3. The “Substance” Section – Deep Dive into EDS Mechanisms and Therapies

   • Combines the holistic assessment of the Skinny section with the genetic/DNA approaches of the Science section to detail EDS clinical findings and their DNA correlates by system (joint-matrix, bone, skin/urogenital dermis, heart, vessel, autonomic, neuromuscular).  

   • Demonstrates multiple gene changes in hEDS patients as mandated by a trait (hypermobility) essential to the evolution of human locomotion, upright posture, and digital dexterity.

   • Shows how changes in over 300 genes impact various connective tissue elements (dermis, bone, joint, heart, vessel) and their neural regulation to produce a congruent EDS symptom profile.

   • Presents an overview of preventive care and therapy based on the quantified profile of EDS symptoms and surveys the medications tried by the 1899 EDS patients in Dr.
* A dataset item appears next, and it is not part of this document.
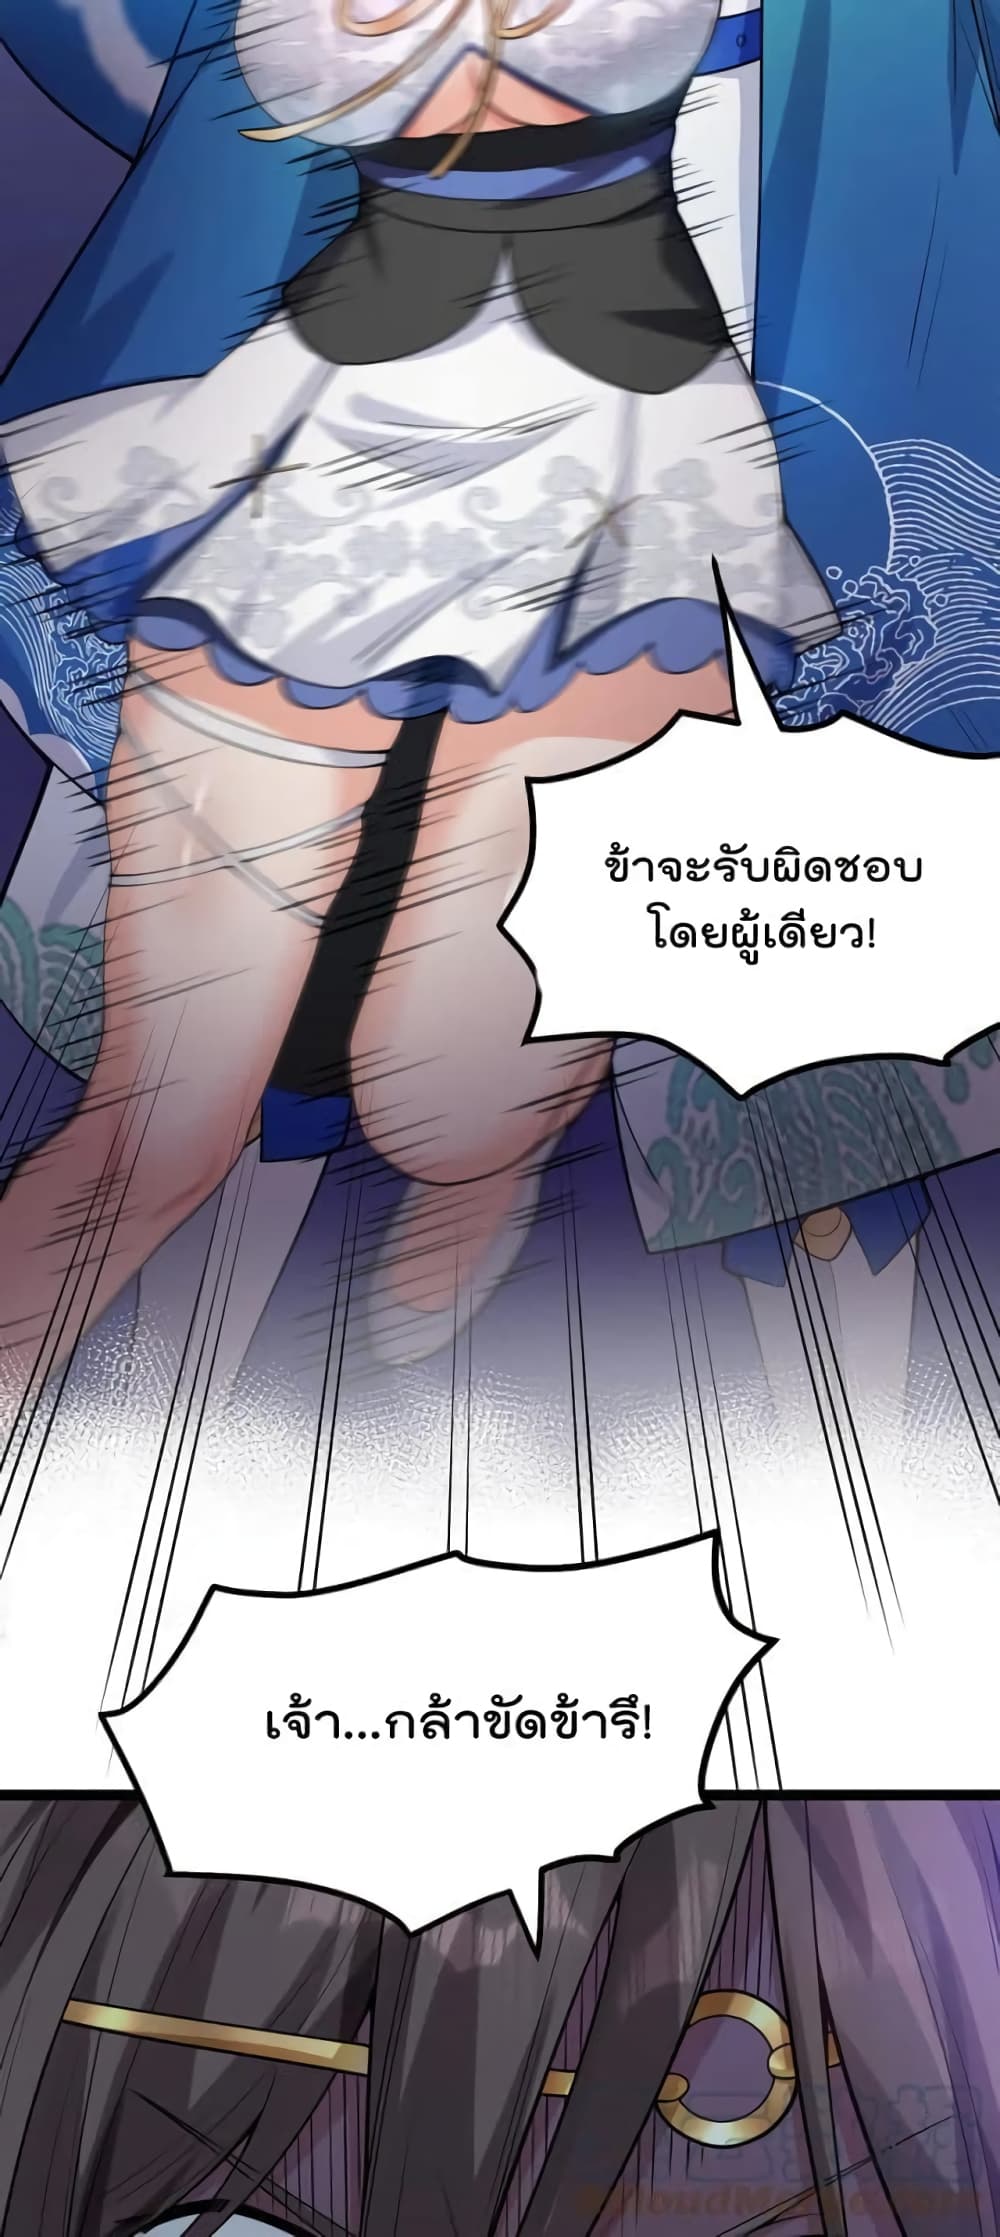 Godsian Masian from Another World ตอนที่ 114 (27)
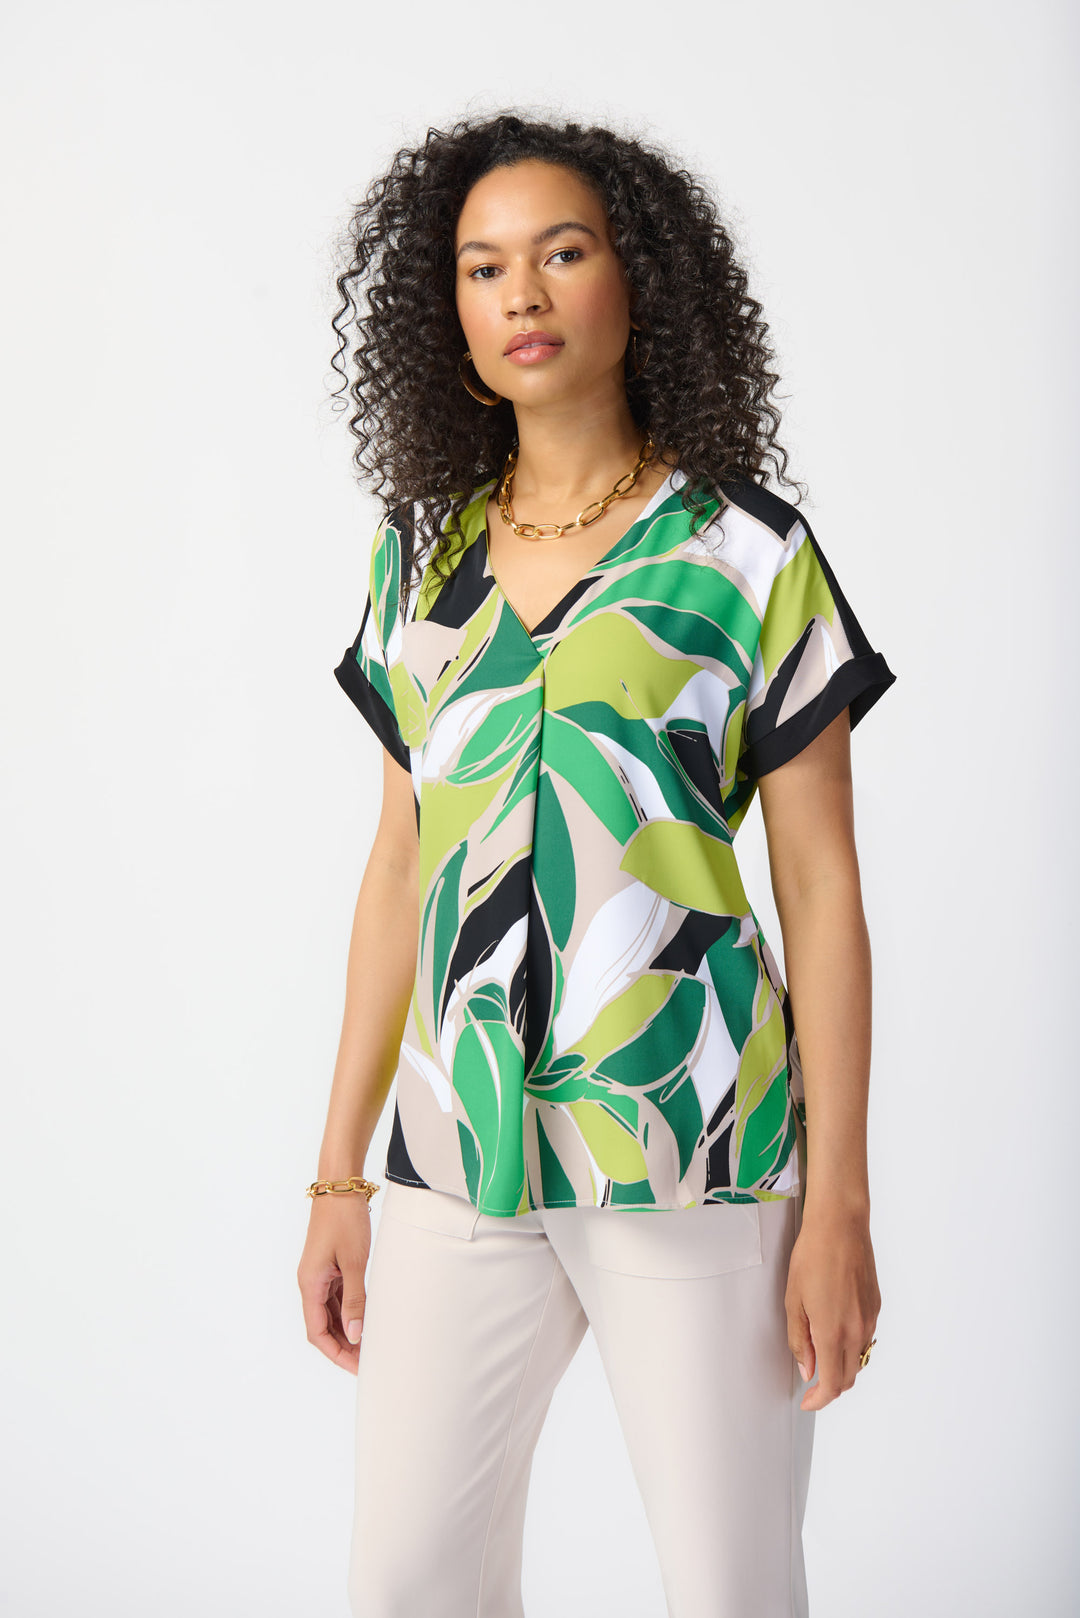 The lovely centre pleat adds a touch of elegance while the contrasting short sleeves give it a modern twist.

Wilson’s database.

   • Summarizes clinical-DNA data showing that EDS and long COVID19 share overlapping gene/environment responses, their overlapping gene networks (entomes) producing considerable symptom overlap (chronic fatigue, fainting/dizziness, joint-muscle pain, exercise intolerance, IBS, immune reactivity).

   • Ends by discussing hopes for EDS patients and the value of EDS research for understanding arthritis, aging, inflammation, and ways to ameliorate these morbidities by transplantation with gene-edited stem-cells.